There is little point in optimizations to avoid syscalls for hardware.
On x86, a syscall takes 100-400 nsec extra, so if the hardware takes
500-2000 nsec then reduction the total time by 100-400 nsec is not
very useful.

Just out of curiosity I've run my own binuptime() micro-benchmarks:
 - on Core i5-650:
  TSC             11ns
  HPET           433ns
  ACPI-fast      515ns
  i8254         3736ns

 - on dual-socket Xeon E5645:
  TSC             15ns
  HPET           580ns
  ACPI-fast     1118ns
  i8254         3911ns

I think it could be useful to have that small benchmark in base kernel.

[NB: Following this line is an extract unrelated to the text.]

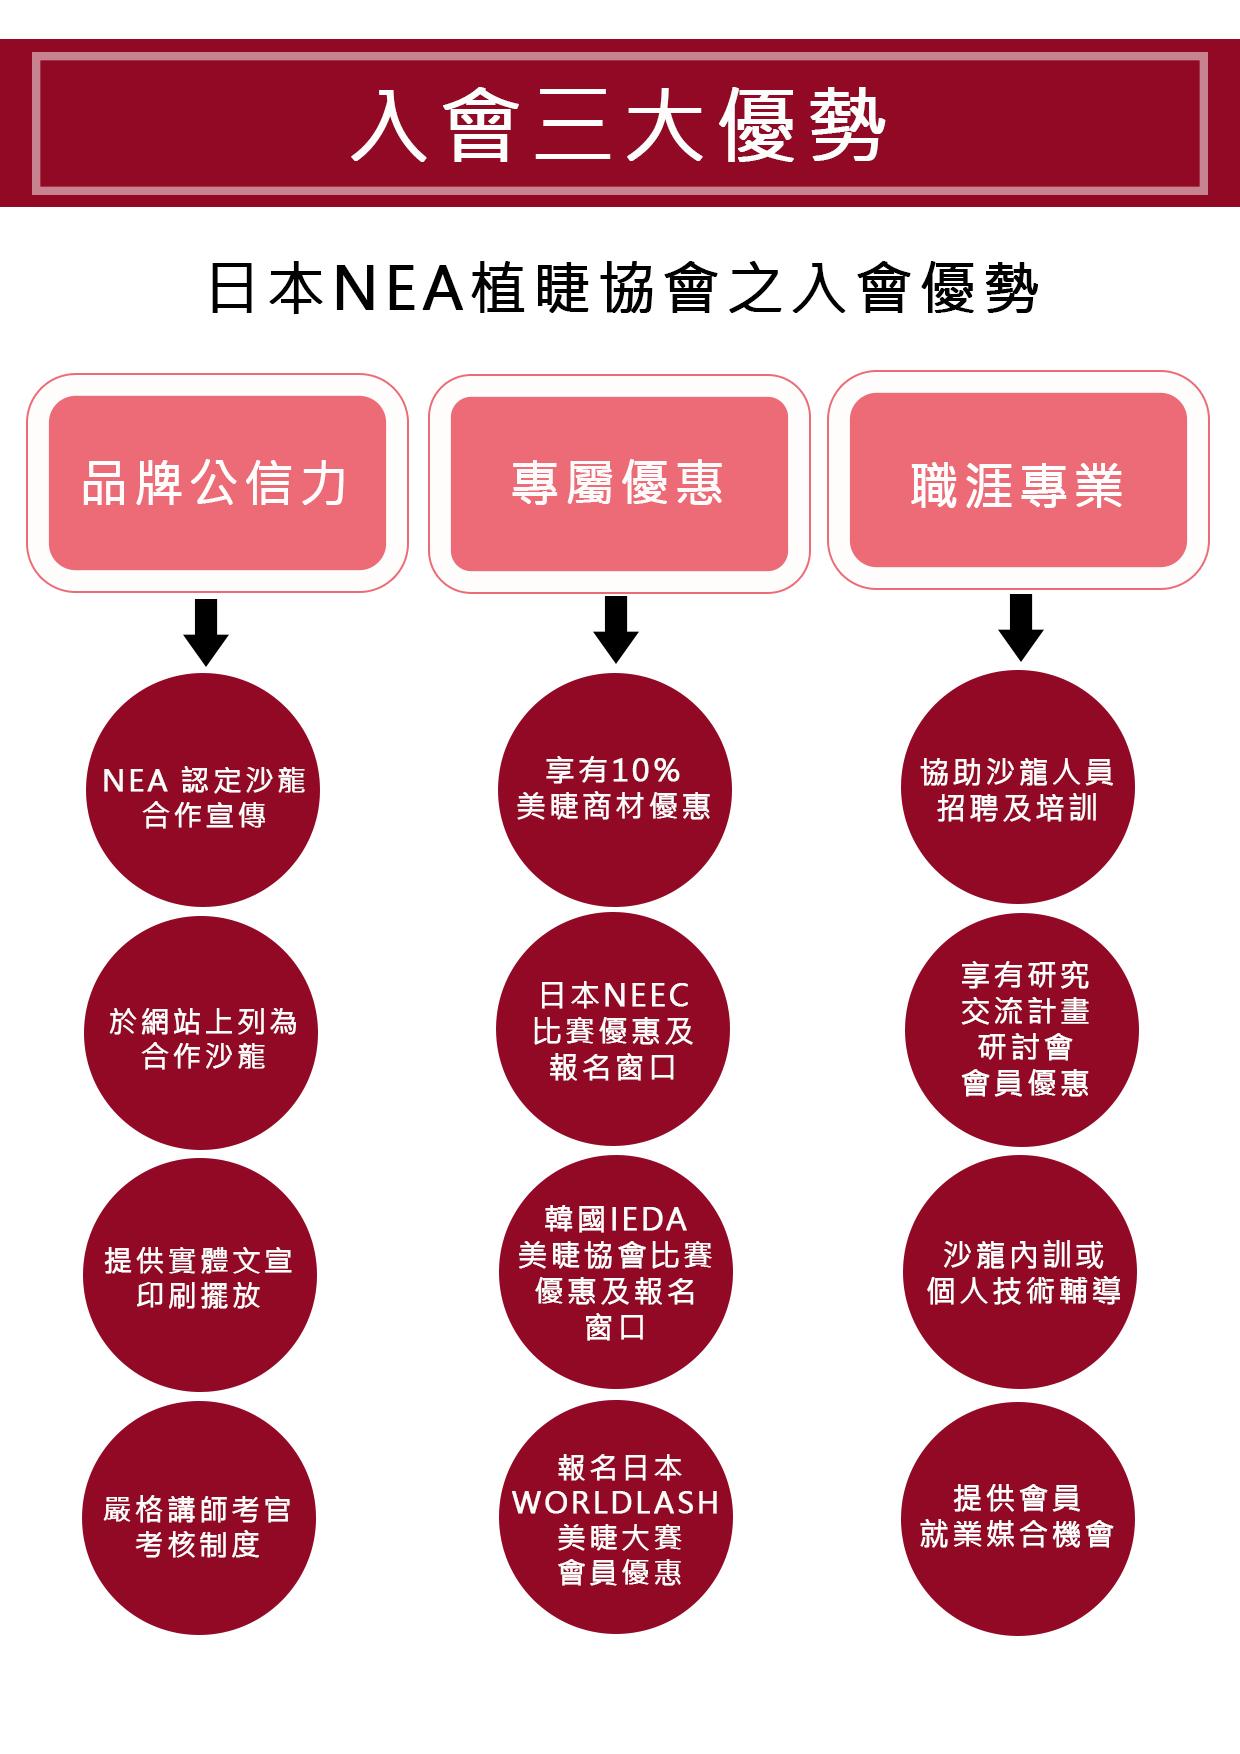 NEA日本美睫協會-入會的三大優勢

Understand. I do plan eventually to map HPET counters page into usermode
on x86.

This should be left out too.

Also, as I noted above, some code to synchronize per-package counters
would be useful for x86, so it might be developed with multi-arch
usage in mind.

It's only worth synchonizing fast timecounter hardware so that it can be
used in more cases.  It probably needs to be non-bus based to be fast.
That means the TSC on x86.

The new timeout code to support tickless kernels looks like it will give
large pessimizations unless the timecounter is fast.  Instead of using
the tick counter (1 atomic increment on every clock tick) and some
getbinuptime() calls in places like select(), it uses the hardware
timecounter via binuptime() in most places (since without a tick counter
and without clock interrupts updating the timehands periodically, it takes
a hardware timecounter read to determine the time).  So callout_reset()
might start taking thousands of nsec for per call, depending on how slow
the timecounter is.  This fix is probably to use a fuzzy time for long
long timeouts and to discourage use of short timeouts and/or to turn them
into long or fuzzy timeouts so that they are not very useful.

The new timeout code is still in active development and optimization was not the first priority yet. My idea was to use much faster getbinuptime() for periods above let's say 100ms. Legacy ticks-oriented callout_reset() functions are by default not supposed to provide sub-tick resolution and with some assumptions could use getbinuptime(). For new interfaces it depends on caller, how will it get present time.

I understand that integer tick counter is as fast as nothing else can ever be. But sorry, 32bit counter doesn't fit present goals. To have more we need some artificial atomicity -- exactly what getbinuptime() implements. What I would like to see there is tc_tick removal to make tc_windup() called for every hardclock tick. Having new tick-irrelevant callout interfaces we probably won't so much need to increase HZ too high any more, while this simplification would make ticks and getbinuptime() precision equal, solving some of your valid arguments against the last.